Cc: Rodrigo Vivi <rodrigo.vivi@intel.com>
Cc: Maarten Lankhorst <dev@lankhorst.se>
Reviewed-by: Stuart Summers <stuart.summers@intel.com>
Signed-off-by: José Roberto de Souza <jose.souza@intel.com>
---
drivers/gpu/drm/xe/xe_devcoredump.c | 12 ++++++----
drivers/gpu/drm/xe/xe_devcoredump.h | 6 ++---
drivers/gpu/drm/xe/xe_guc_submit.c | 36 ++++++++++++++++++++++-------
drivers/gpu/drm/xe/xe_guc_submit.h | 4 ++--
4 files changed, 40 insertions(+), 18 deletions(-)
diff --git a/drivers/gpu/drm/xe/xe_devcoredump.c b/drivers/gpu/drm/xe/xe_devcoredump.c
index 68abc0b195beb..0f23ecc74b162 100644
--- a/drivers/gpu/drm/xe/xe_devcoredump.c
+++ b/drivers/gpu/drm/xe/xe_devcoredump.c
@@ -16,6 +16,7 @@
#include "xe_guc_ct.h"
#include "xe_guc_submit.h"
#include "xe_hw_engine.h"
+#include "xe_sched_job.h"
/**
* DOC: Xe device coredump
@@ -123,9 +124,10 @@ static void xe_devcoredump_free(void *data)
}
static void devcoredump_snapshot(struct xe_devcoredump *coredump,
- struct xe_exec_queue *q)
+ struct xe_sched_job *job)
{
struct xe_devcoredump_snapshot *ss = &coredump->snapshot;
+ struct xe_exec_queue *q = job->q;
struct xe_guc *guc = exec_queue_to_guc(q);
struct xe_hw_engine *hwe;
enum xe_hw_engine_id id;
@@ -150,7 +152,7 @@ static void devcoredump_snapshot(struct xe_devcoredump *coredump,
xe_force_wake_get(gt_to_fw(q->gt), XE_FORCEWAKE_ALL);
coredump->snapshot.ct = xe_guc_ct_snapshot_capture(&guc->ct, true);
- coredump->snapshot.ge = xe_guc_exec_queue_snapshot_capture(q);
+ coredump->snapshot.ge = xe_guc_exec_queue_snapshot_capture(job);
for_each_hw_engine(hwe, q->gt, id) {
if (hwe->class != q->hwe->class ||
@@ -173,9 +175,9 @@ static void devcoredump_snapshot(struct xe_devcoredump *coredump,
* gt_reset. It is skipped if we still have the core dump device available
* with the information of the 'first' snapshot.
*/
-void xe_devcoredump(struct xe_exec_queue *q)

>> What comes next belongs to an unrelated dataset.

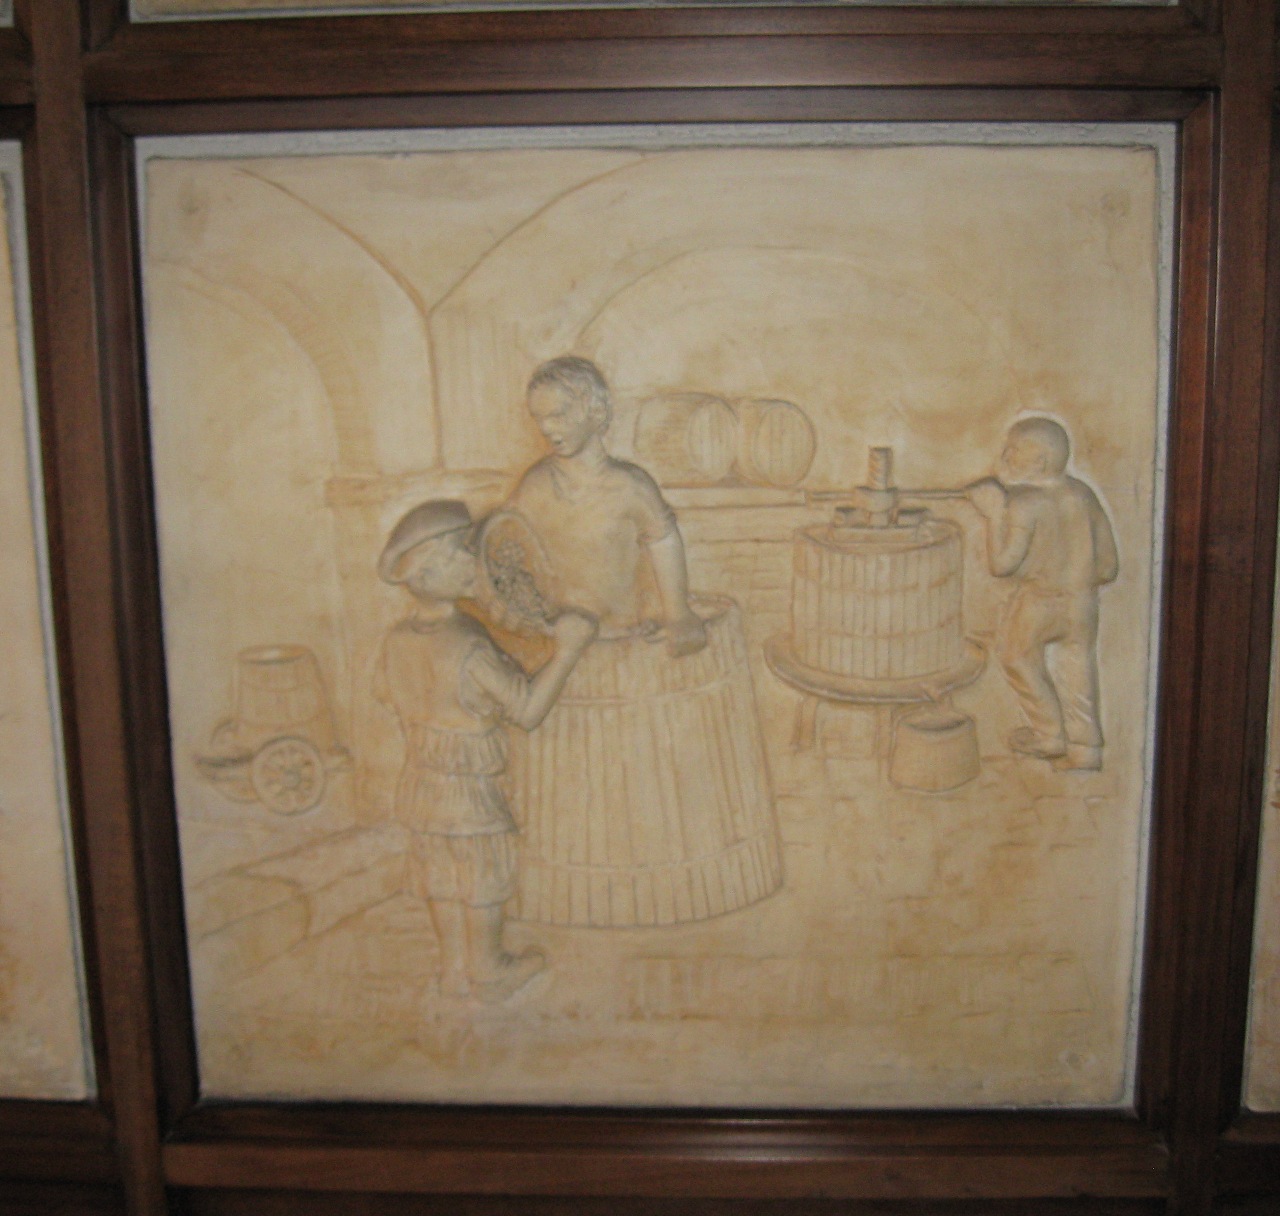 Figure maschili impegnate nelle fasi della produzione del vino (rilievo)

+void xe_devcoredump(struct xe_sched_job *job)
{
- struct xe_device *xe = gt_to_xe(q->gt);
+ struct xe_device *xe = gt_to_xe(job->q->gt);
struct xe_devcoredump *coredump = &xe->devcoredump;
if (coredump->captured) {
@@ -184,7 +186,7 @@ void xe_devcoredump(struct xe_exec_queue *q)
}
coredump->captured = true;
- devcoredump_snapshot(coredump, q);
+ devcoredump_snapshot(coredump, job);
drm_info(&xe->drm, "Xe device coredump has been created\n");
drm_info(&xe->drm, "Check your /sys/class/drm/card%d/device/devcoredump/data\n",
diff --git a/drivers/gpu/drm/xe/xe_devcoredump.h b/drivers/gpu/drm/xe/xe_devcoredump.h
index 6ac218a5c1945..df8671f0b5eb2 100644
--- a/drivers/gpu/drm/xe/xe_devcoredump.h
+++ b/drivers/gpu/drm/xe/xe_devcoredump.h
@@ -7,12 +7,12 @@
#define _XE_DEVCOREDUMP_H_
struct xe_device;
-struct xe_exec_queue;
+struct xe_sched_job;
#ifdef CONFIG_DEV_COREDUMP
-void xe_devcoredump(struct xe_exec_queue *q);
+void xe_devcoredump(struct xe_sched_job *job);
#else
-static inline void xe_devcoredump(struct xe_exec_queue *q)
+static inline void xe_devcoredump(struct xe_sched_job *job)
{
}
#endif
diff --git a/drivers/gpu/drm/xe/xe_guc_submit.c b/drivers/gpu/drm/xe/xe_guc_submit.c
index 7c29b8333c719..dfcc7a0af0a23 100644
--- a/drivers/gpu/drm/xe/xe_guc_submit.c
+++ b/drivers/gpu/drm/xe/xe_guc_submit.c
@@ -934,7 +934,7 @@ guc_exec_queue_timedout_job(struct drm_sched_job *drm_job)
drm_notice(&xe->drm, "Timedout job: seqno=%u, guc_id=%d, flags=0x%lx",
xe_sched_job_seqno(job), q->guc->id, q->flags);
simple_error_capture(q);
- xe_devcoredump(q);
+ xe_devcoredump(job);
} else {
drm_dbg(&xe->drm, "Timedout signaled job: seqno=%u, guc_id=%d, flags=0x%lx",
xe_sched_job_seqno(job), q->guc->id, q->flags);
@@ -1789,12 +1789,12 @@ guc_exec_queue_wq_snapshot_print(struct xe_guc_submit_exec_queue_snapshot *snaps
* caller, using `xe_guc_exec_queue_snapshot_free`.
*/
struct xe_guc_submit_exec_queue_snapshot *
-xe_guc_exec_queue_snapshot_capture(struct xe_exec_queue *q)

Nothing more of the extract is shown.